Капкан для птиц | страница 20



За столько лет отсидки Леха уже стал юристом и знал законы, знал то, чего еще не знала я.

— Будешь моим адвокатом, — сказала я.

— Башку надо ментам за такие делишки отрывать. Что не видят, кого сажают и за что.

— Леха, а ты мне веришь? — спросила я.

— Глаз у меня наметанный. Не зря баланду хлебаю. Не место тебе в тюрьме. Я сегодня на тюрьму слиняю. Если они тебе сегодня не предъявят обвинение, должны тебя отсюда нагнать, в смысле отпустить.

При слове «отпустить» я оживилась.

— А что, Леха, бывало такое, чтоб отпускали?

— Бывало. Я уже так долго сижу, почти столько, сколько живу. Повидал всякого. Бывало, что и отпускали.

Леха почувствовал мое оживление и тут же показал мне, как я буду выходить из камеры, — растопырил пальцы, как делают блатные, и начал меня передразнивать: «Загните мне пальцы, я в двери пройду!»

А потом вдруг резко стал серьезным:

— Корону поправь. Размечталась: «отпустят»… Не для того они тебя сажали, чтобы отпустить. — И добавил, почесав меня между лопатками: — У тебя вот здесь не чешется?

— Леха, не дотрагивайся до меня. Я ведь тебя просила.

— Недотрога. Для быка нет священных коров, — повторил свою коронную фразу Леха. — Так чешется или нет?

— Чешется, чешется, — ответила я в надежде, что он от меня отстанет.

— Это крылья у тебя прорезаются. Знаешь, как зубки, когда растут — чешутся, так точно и крылышки. Все, что у человека отрастает, чешется. — И Леха почесал себя у основания ноги.

— Леха, опять ты пошлишь. Давай лучше про крылья поговорим.

— Когда падаешь со скалы в пропасть, почему бы не попробовать полететь? Что ты теряешь? Давай попробуем.

Леха стал с диким ревом носиться по камере, широко растопырив руки, изображая скорее самолет, чем птицу. Потом вдруг остановился и резко посерьезнел:

— Знаешь, крыльев еще недостаточно, чтобы летать.

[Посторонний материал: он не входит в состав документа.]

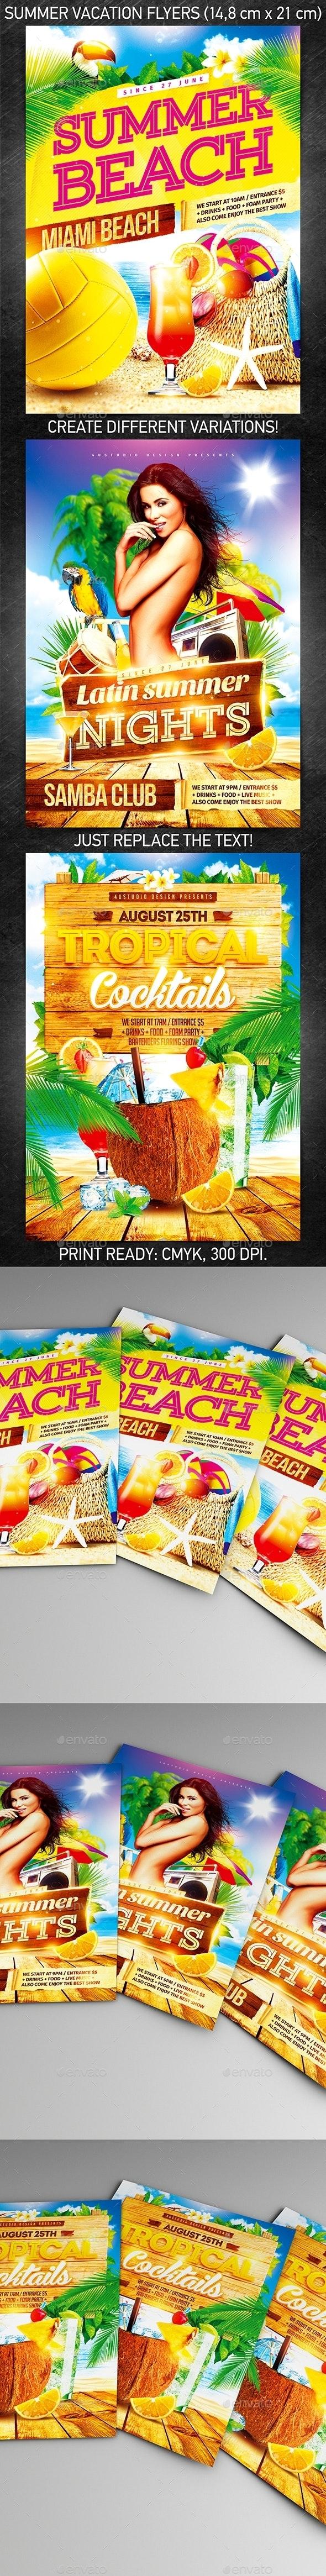 Summer Vacation Flyer Bundle vol.2 - Events Flyers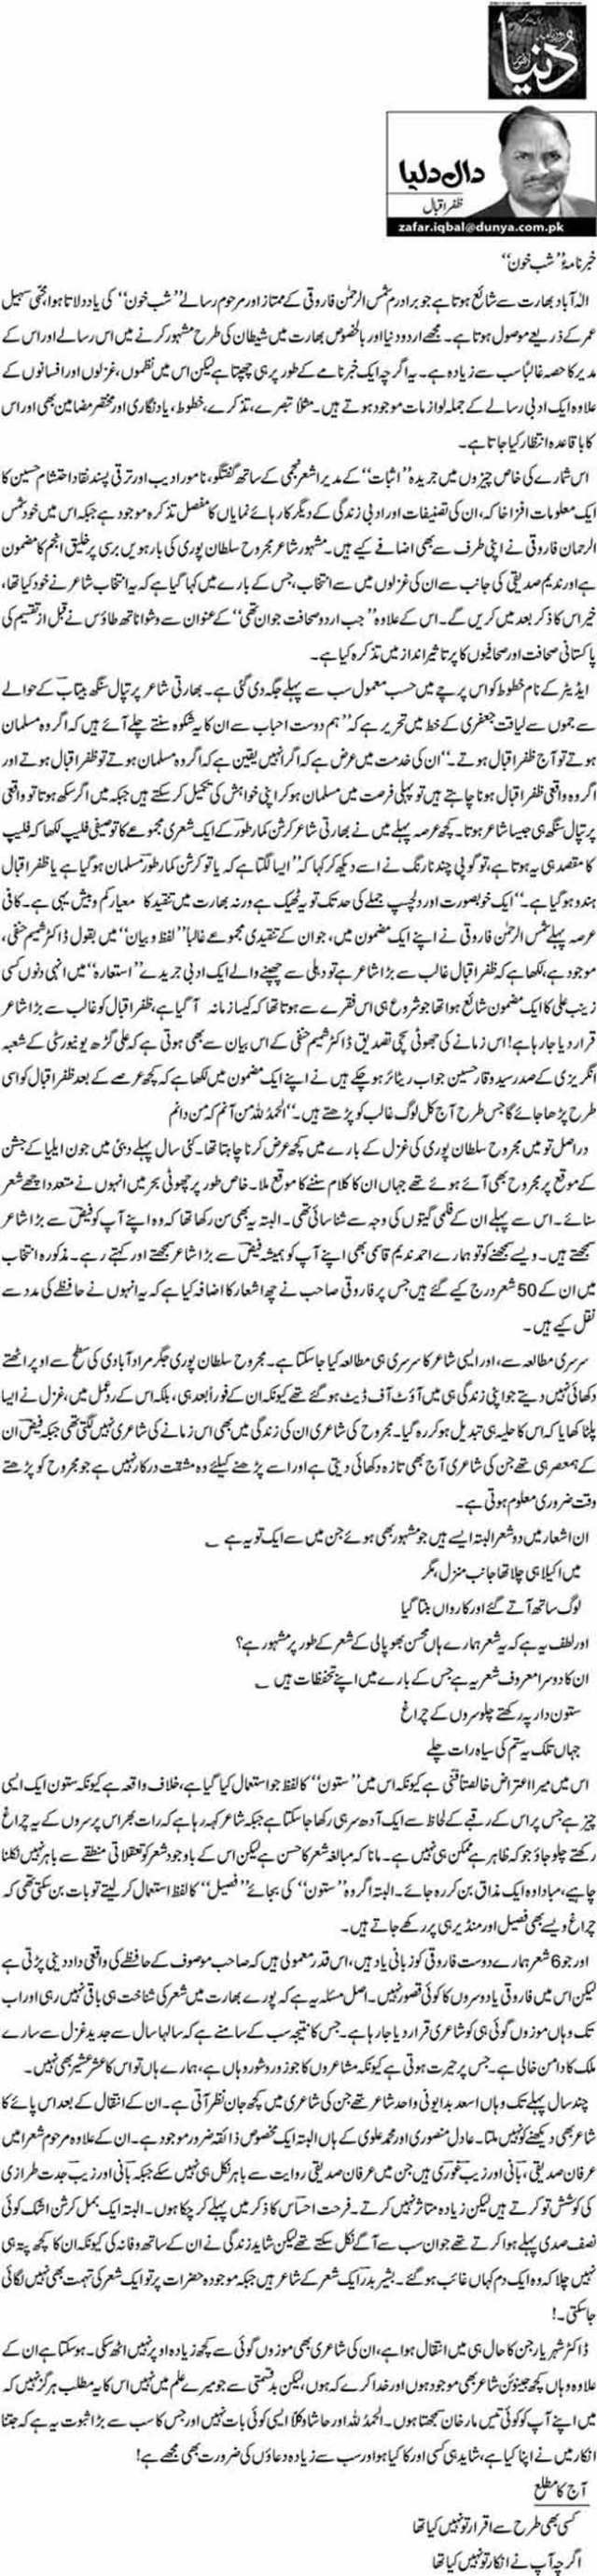 "Khabrnaama""Shabekhun"" - Zafar Iqbal"

Задавая Лехе глупые вопросы, я пыталась выглядеть умной. Весь мой жизненный опыт показался мне ненужным пыльным мешком после общения с ним. Интеллект — это диагноз, подумала я. Это надо лечить. Ум, который искалечен интеллектом, — тяжело болеет, хронически и, возможно, неизлечимо. А ум, который искалечен еще и памятью, — «это уже тяжелейшее осложнение неизлечимой болезни. Дуракам всегда легче живется. Нужно как-то избавляться от признаков интеллекта. Так проще жить.

— Леха, а что еще нужно для того, чтобы летать?

— Ну и глупая же ты! Небо нужно! И еще летная погода. Поняла, дуреха?

Какой он умный, этот Леха. Мыслит проще. Его мысли легкие, быстрые. Они не ложатся каким-то тяжелым бременем на душу. У него надо учиться жить. Все в жизни просто и понятно. Это у Лехи. А у меня?